To address the challenge of balancing locality and global impact in knowledge editing for large language models (LLMs), this paper proposes an input-adaptive editing method based on subspace basis vectors. Its core innovation is Basis-level Fine-Tuning (BaFT), which abandons the conventional linear update assumption and instead introduces an input-conditioned nonlinear basis weighting mechanism, enabling precise localization and dynamic modification of knowledge within a learned subspace. BaFT supports efficient, scalable, and continual multi-step editing. Extensive experiments across three mainstream LLMs and five benchmarks—including MEMIT and ROME—demonstrate significant improvements: higher edit success rates, enhanced generalization preservation, and a 37% increase in edit locality. These results effectively alleviate the inherent trade-off between accuracy and locality in knowledge editing.

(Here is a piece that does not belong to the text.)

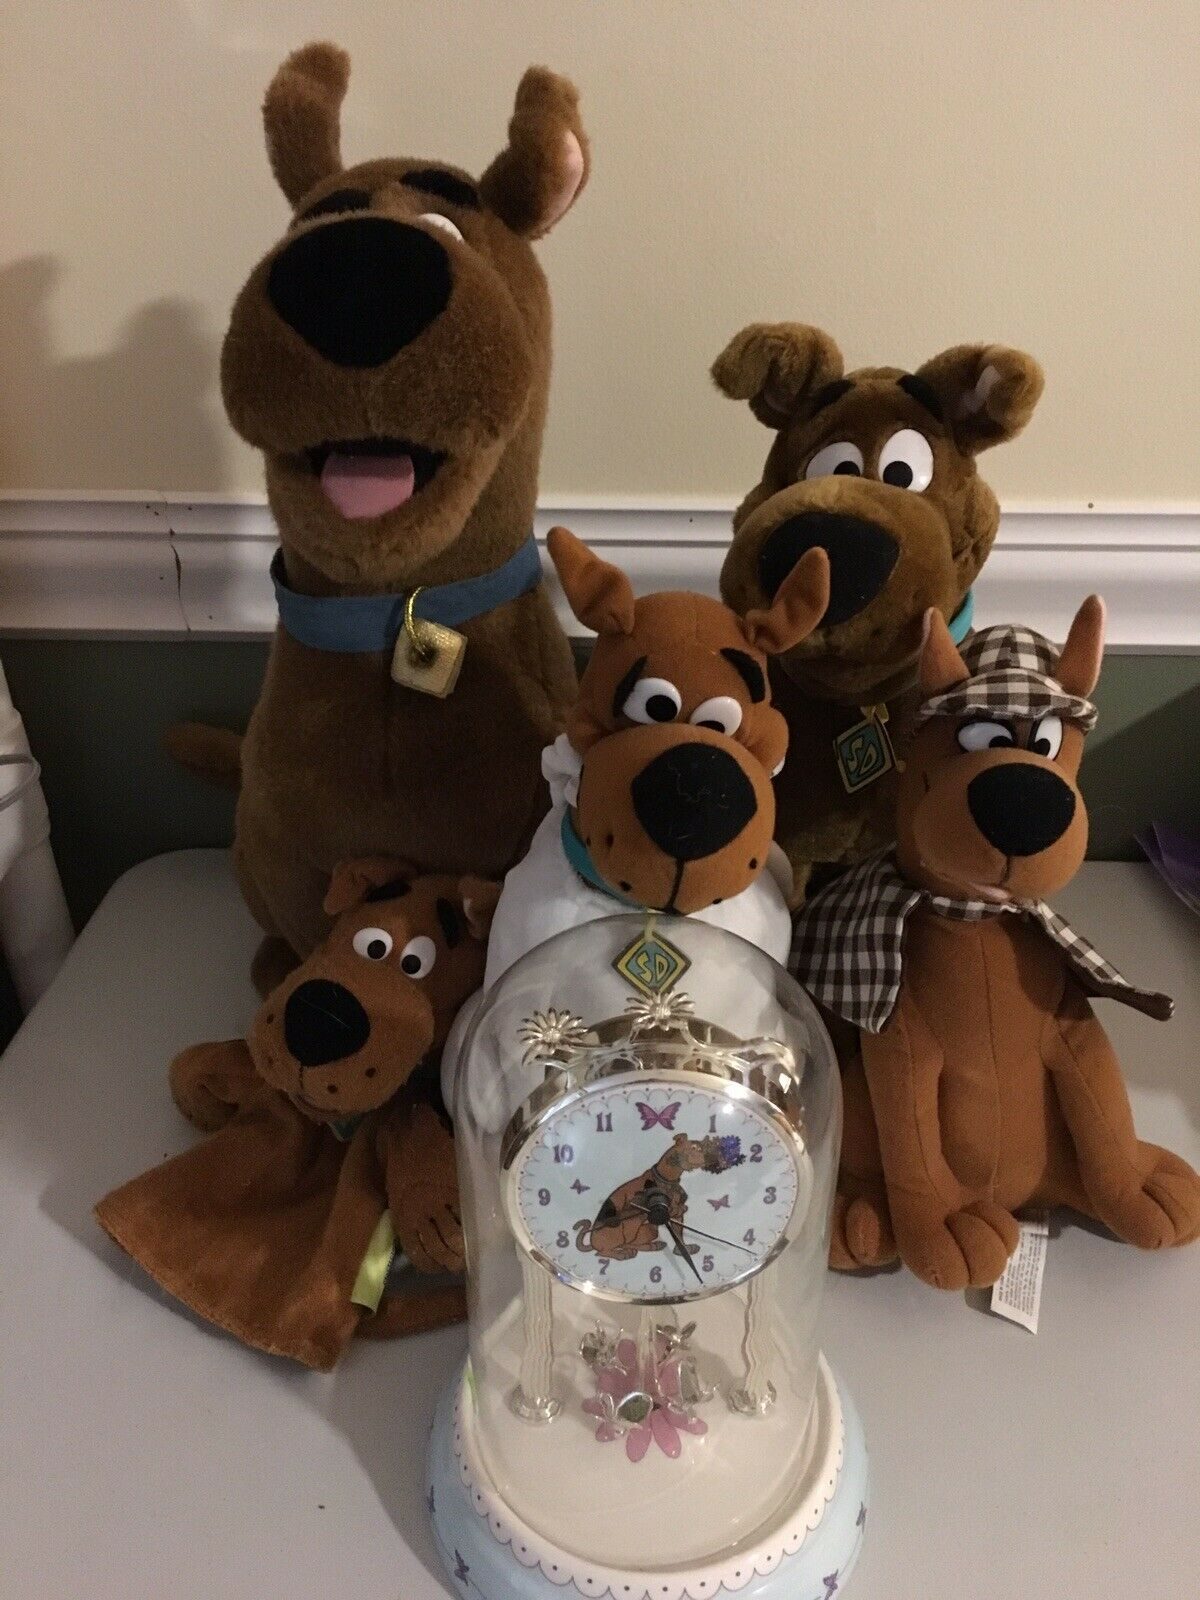 Scooby Doo Lot  Of Plush Animals, Clock, Dollt Lot Of 6

Large language models (LLMs) have achieved remarkable performance on various natural language tasks. However, they are trained on static corpora and their knowledge can become outdated quickly in the fast-changing world. This motivates the development of knowledge editing methods designed to update certain knowledge in LLMs without changing unrelated others. To make selective edits, previous efforts often sought to update a small amount of parameters in some specific layer(s) of a LLM. Nonetheless, in challenging scenarios, they still fall short in making successful edits while preserving knowledge irrelevant to the updates simultaneously, resulting in a notable editing-locality trade-off. In this work, we question if the trade-offs are caused by the fact that parameter-based updates have a global effect, i.e., edited parameters affect all inputs indiscriminately. In light of this, we explore the feasibility of representation fine-tuning, which applied some linear update to a few representations in a learned subspace, for knowledge editing. While being effective to enhance an LLM's general ability as demonstrated in the previous work, we theoretically show that this linear update imposes a tension in editing-locality trade-off. Subsequently, BaFT is proposed to break the linearity. BaFT computes a weight for each basis that spans a dimension of the subspace based on the input representation. This input-dependent weighting mechanism allows BaFT to manage different types of knowledge in an adaptive way, thereby achieving a better editing-locality trade-off. Experiments on three LLMs with five editing benchmarks in diverse scenarios show the superiority of our method.